Le juger est l’action intellectuelle qui décide du choix de l’action motrice, met un terme à l’ajournement par la pensée et fait passer du penser à l’agir. L’ajournement par la pensée, j’en ai aussi traité déjà en un autre endroit. Il est à considérer comme une action d’essai, un tâtonnement moteur avec des dépenses d’éconduction réduites. Faisons réflexion : où le moi avait-il pratiqué auparavant un tel tâtonnement, en quel endroit a-t-il appris la technique qu’il applique à présent au niveau des processus de pensée ? Cela s’est produit à l’extrémité sensorielle de l’appareil animique, au niveau des perceptions des sens. En effet, selon notre hypothèse, la perception n’est pas un processus purement passif, mais le moi envoie périodiquement dans le système de perception des petites quantités d’investissement au moyen desquelles il déguste les stimuli externes pour, après chacune de ces incursions tâtonnantes, se retirer de nouveau.

L’étude du jugement nous donne accès, peut-être pour la première fois, à la compréhension de l’apparition d’une fonction intellectuelle à partir du jeu des motions pulsionnelles primaires. Le juger est le développement ultérieur, approprié à une fin, de l’inclusion dans le moi ou de l’expulsion hors du moi qui, originellement, se produisaient selon le principe de plaisir. Sa polarité semble correspondre à la relation d’opposition des deux groupes de pulsions dont nous avons fait l’hypothèse. L’affirmation – comme substitut de l’unification – appartient à l’Éros, la négation – successeur de l’expulsion– à la pulsion de destruction. Le plaisir à la négation généralisé, le négativisme de tant de psychotiques, doit  être vraisemblablement à comprendre comme indice de la démixtion des pulsions par retrait des composantes libidinales. Mais l’opération de la fonction de jugement n’est rendue possible qu’avec la création du symbole de la négation qui a permis à la pensée un premier degré d’indépendance à l’égard des succès du refoulement et, par-là, à l’égard de la contrainte du principe de plaisir.

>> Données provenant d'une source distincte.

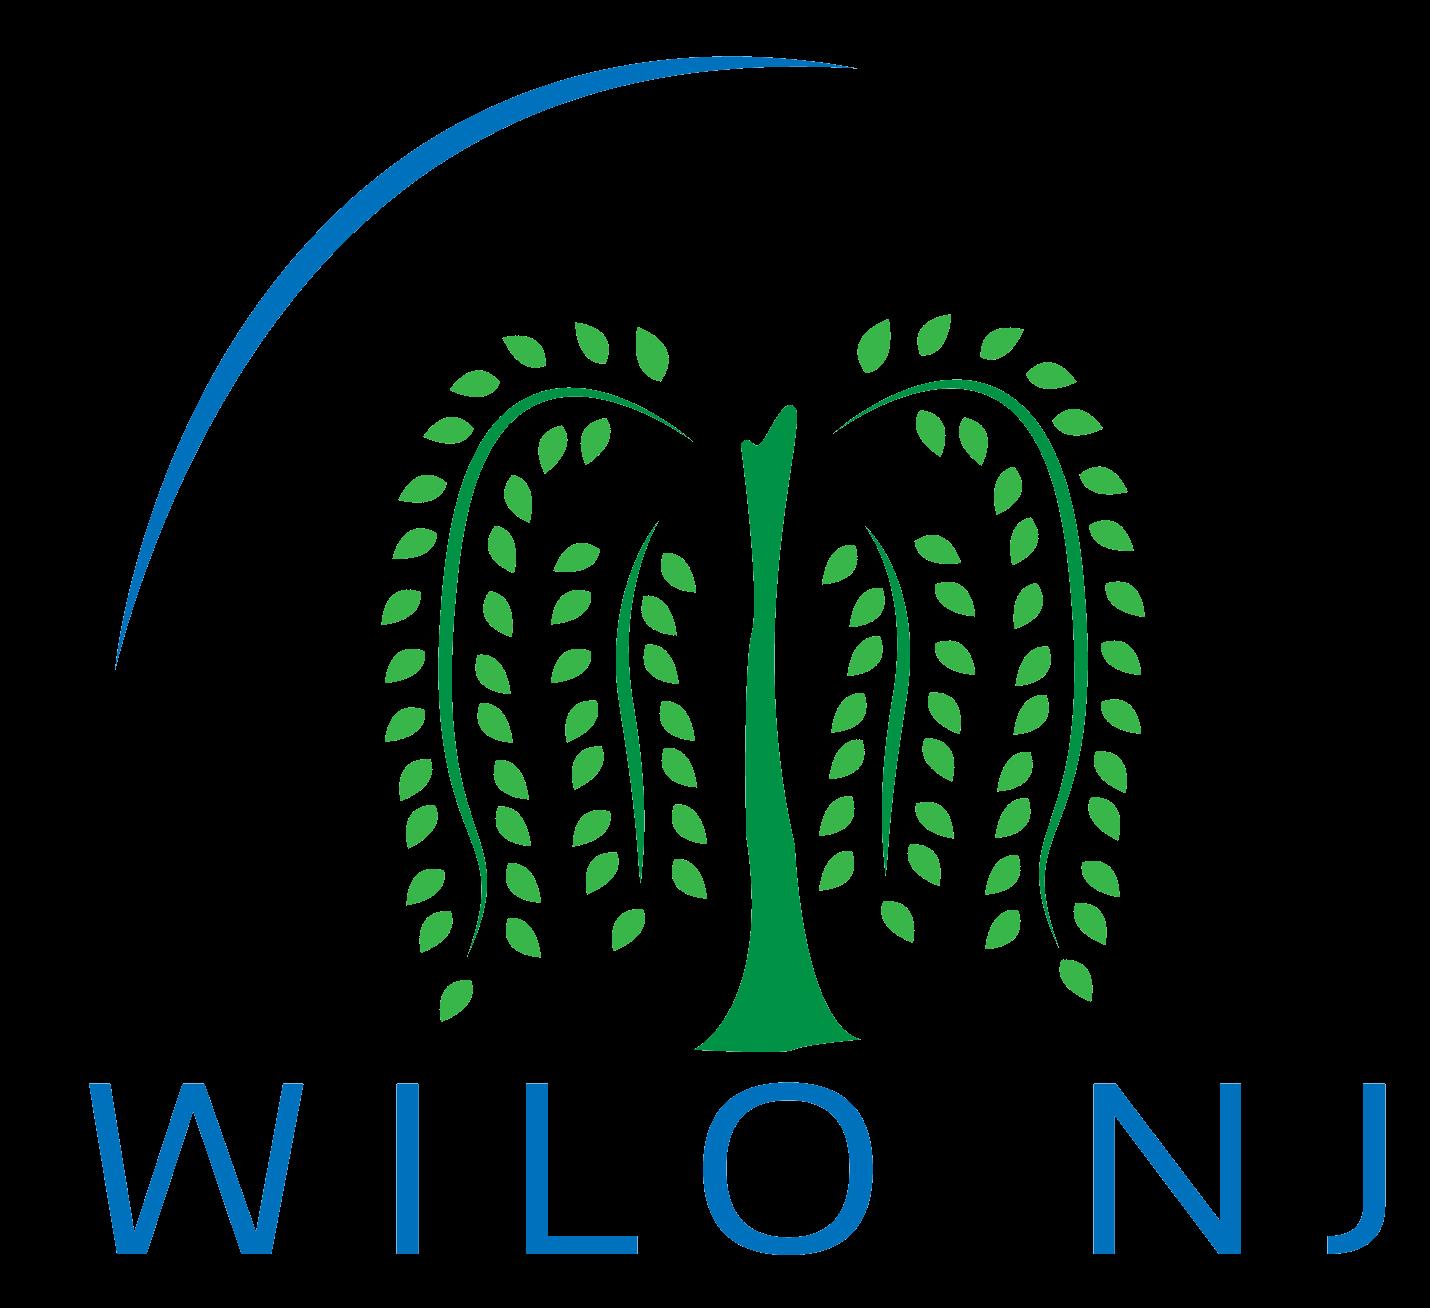 WILO NJ

Avec cette conception de la négation s’accorde très bien ceci que l’on ne rencontre dans l’analyse aucun (« non » venant de l’inconscient, et que la reconnaissance de l’inconscient de la part du moi s’exprime en une formule négative. Nulle preuve plus forte de la mise à découvert réussie de l’inconscient que lorsque l’analysé y réagit par cette phrase : Cela je ne l’ai pas pensé, ou : À cela je n’ai (jamais) pensé.

[1] Le même processus est au fondement de ce processus bien connu de l’« évocation »a. « Quel bonheur que je n’aie pas eu ma migraine depuis si longtemps » ; pourtant, c’est la première annonce de l’accès dont on ressent déjà l’approche, mais auquel on ne veut pas encore croire.

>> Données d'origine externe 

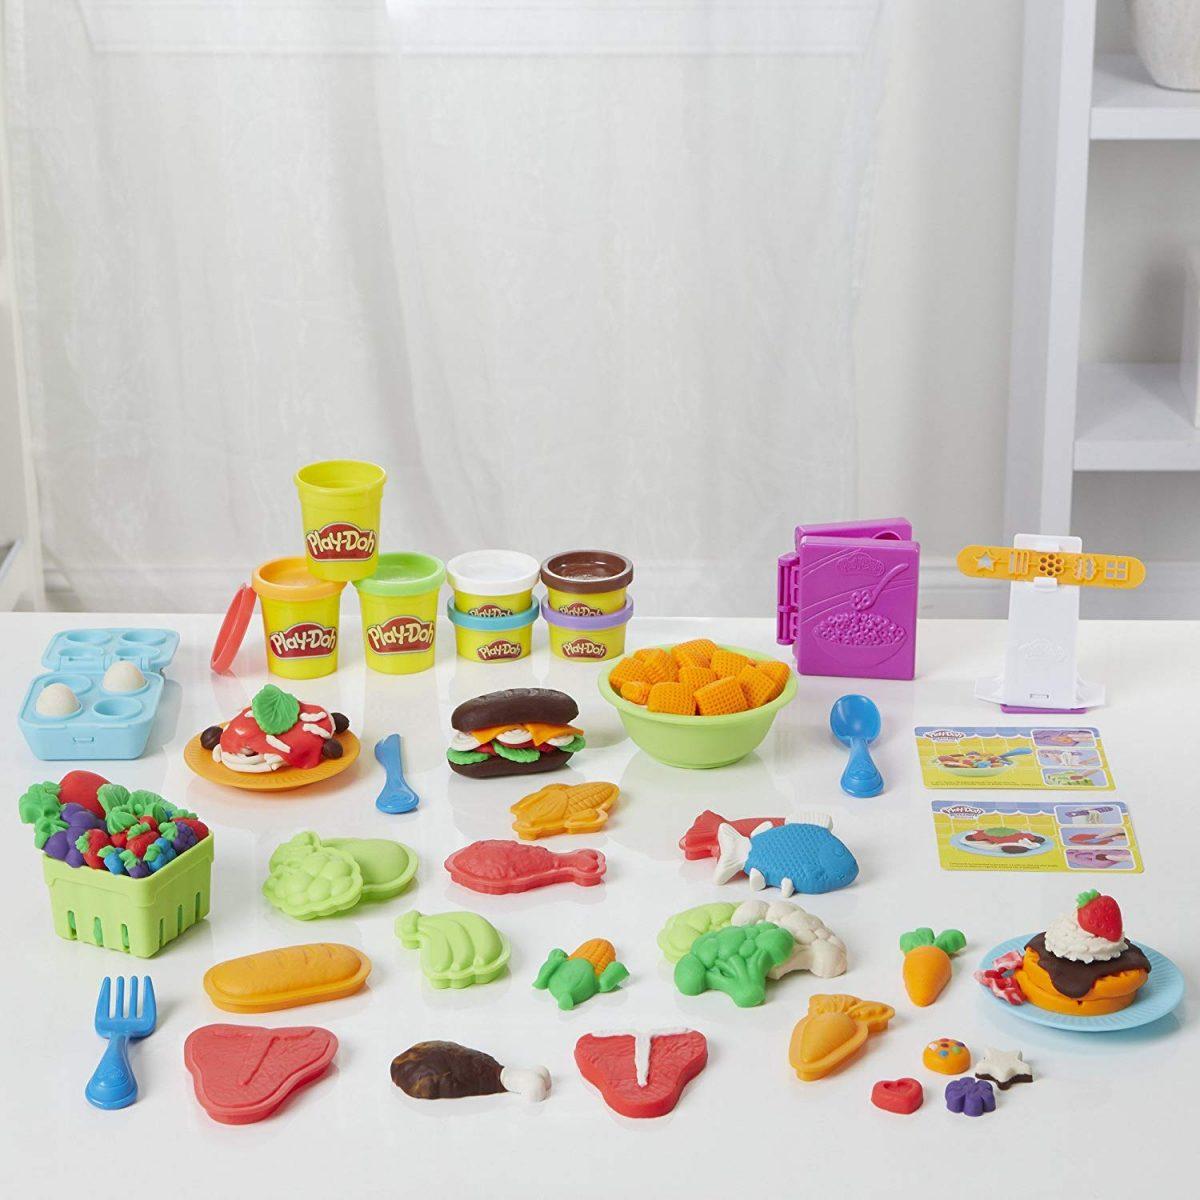 kitchen play doh set

  1. Cf. Études sur l’hystérie [GW, I, p. 129-130 ; OCF.P, Il] : « Frau Cäcilie, une dame d’une haute intelligence, à qui je dois d’avoir beaucoup avancé dans la compréhension des symptômes hystériques, m’a rendu moi-même attentif à la possibilité que de tels événements aient occasionné la superstition bien connue, attachée à l’invocation et à l’évocation. On ne doit jamais se vanter d’un bonheur, ni non plus tenter le Diable, sinon il arrive. »

[2] Cf. les développements dans « Pulsions et destins de pulsions » (Triebe und Tricbschicksale, GW, X, p. 226-232 ; OCF.P, XIII, p. 179-185).